La Ligne Noire

Depuis près de deux ans, auto-saisi d’une mission revendiquée, je parcours le Croissant Fossile (1).
Comme on effleure sans cesse une cicatrice indélébile, je traque les stigmates.
Je regarde là où les scories craquent encore sous le pied, là où le schiste carboné donne son lustre au paysage, invitant le regard sur des seuils fragiles.


Relevant avec précision les données géographiques de mes prélèvements, ce sont surtout mes pas, mes arrêts, mes hésitations que je mesure.

Sur un tronçon de 450 kilomètres qui s’ouvre du nord de de la France jusqu’aux confins de la Rurh en Allemagne, en passant par la Belgique,
je prospecte obstinément cette veine charbonnière comme on suit une mémoire souterraine.

Le sol est chargé.
Il a porté des corps et supporté la fatigue.
Il continue de parler, même lorsqu’on ne l’écoute plus.

Le Borinage de mon enfance est un point d’ancrage.
Il est lumière avant d’être territoire, et paysage, imposé au corps.
Mes parents m’envoyaient sur le terril ramasser des gaillettes sur le relief bosselé. Je récoltais ces déchets charbonneux effleurant à la surface du sol

pour alimenter le poêle et prolonger la chaleur. Le paysage entrait dans la maison, par nécessité.

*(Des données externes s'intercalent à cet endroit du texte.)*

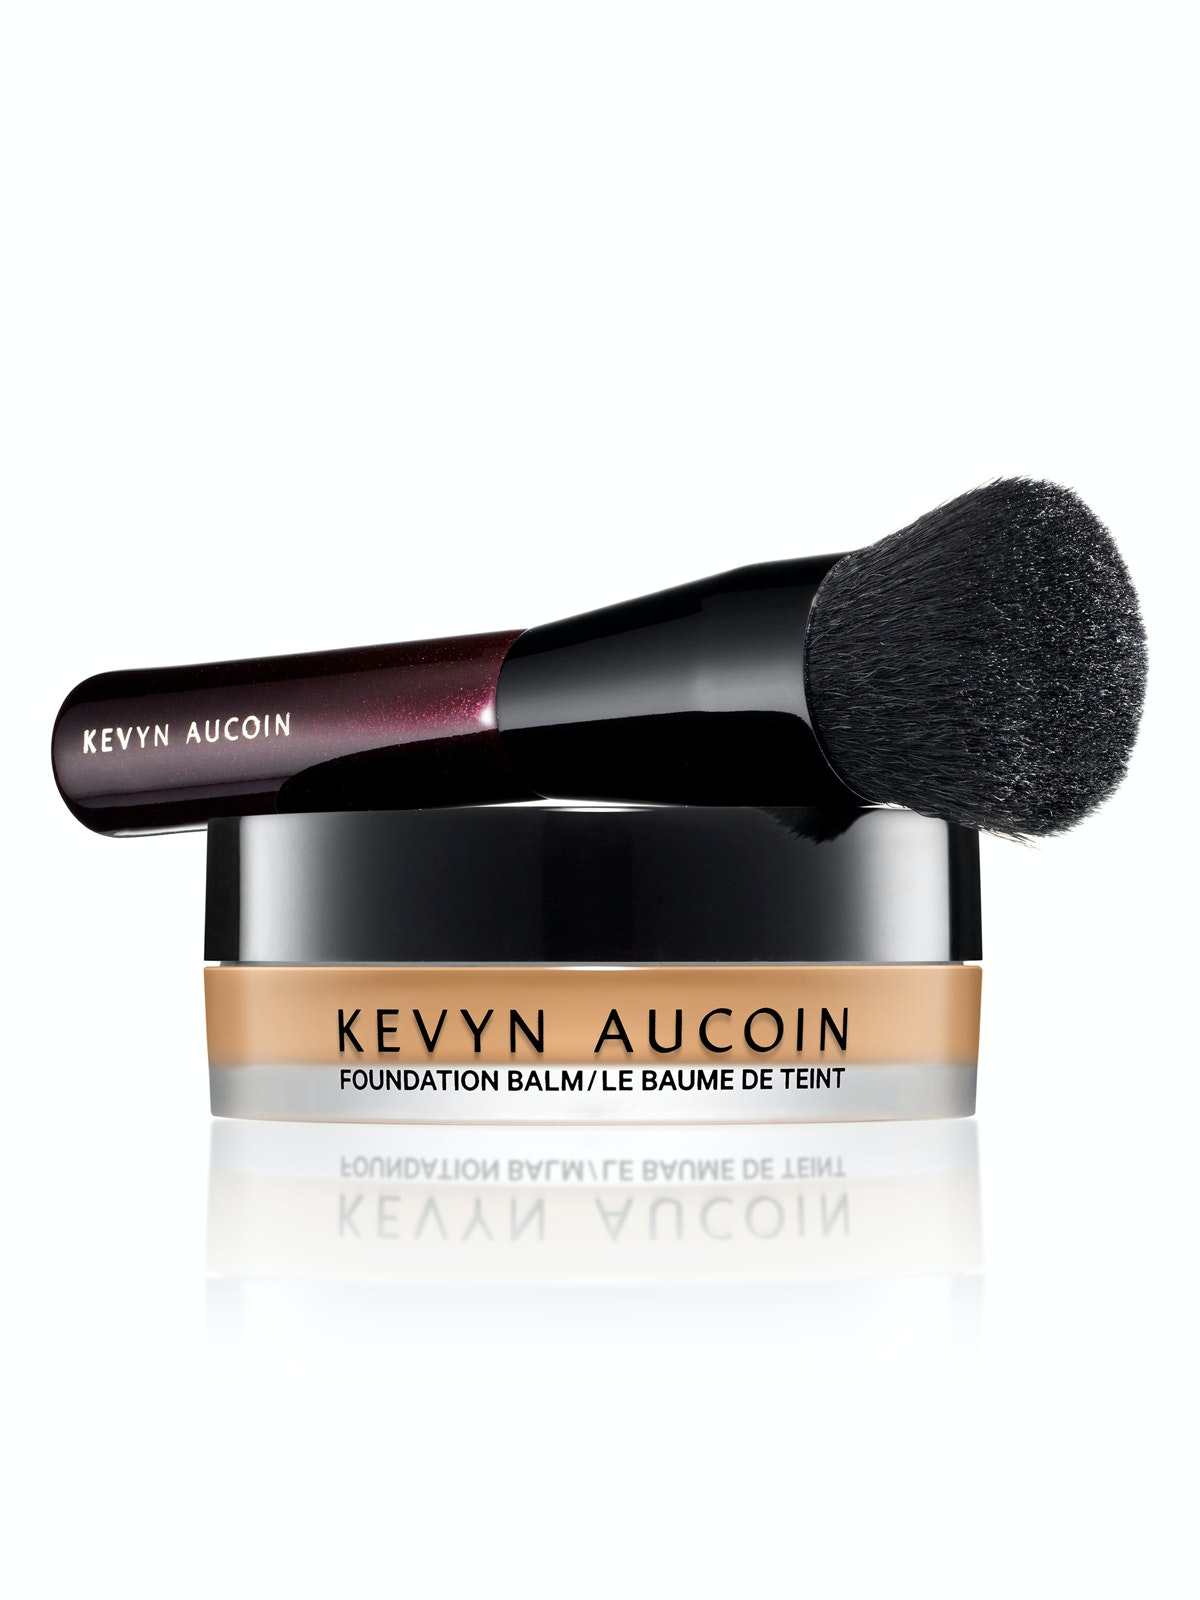 Kevyn Aucoin Foundation Balm

Les terrils, silhouettes sombrement silencieuses, structuraient l’horizon.
Je passais du temps à les escalader.
Non par des chemins tracés — ils n’existaient pas vraiment — mais par la face abrupte,
là où le corps cherche ses appuis, teste le sol, accepte le glissement ou la chute.
Grimper devenait une lutte silencieuse contre la pente, à l’assaut de la matière instable. Cette façon de traverser le paysage s’est inscrite en moi.
Elle a façonné un rapport physique au territoire, fait d’engagement et de déséquilibre.

Aujourd’hui, ce territoire devient matrice, marque transversale à partir de laquelle je pénètre une portion du paysage minier européen.
Au cœur de cet ancrage intime, les frontières administratives perdent leur netteté. Elles s’enracinent dans les traces du passé industriel : reliefs artificiels, sols compactés, architectures abandonnées.
Cette lisière s’inscrit dans la matière même du paysage.
Même invisible, elle se ressent.
Elle franchit les espaces et les corps sans qu’on puisse l’abolir, offrant une continuité de lignes, de lumières, de sols travaillés ou en friche.

Et je me pose là.
Là où ça résiste.
Là où le paysage semble retenir un souffle silicotique.
Là où mes souvenances affleurent,
loin du récit linéaire,
comme une frange floue et instable entre le vécu et le découvert.

Enfant du Borinage, je m’autorise à tirer ce fil, à le tisser, à inscrire mon travail dans un corpus plus large, où la photographie devient une forme d’écriture lente, attentive, traversée par la mémoire. Une écriture qui ne cherche pas à tracer des lignes nettes,
mais à mettre au jour une unité fragile, transversale, héritée du sous-sol et encore présente à la surface du monde.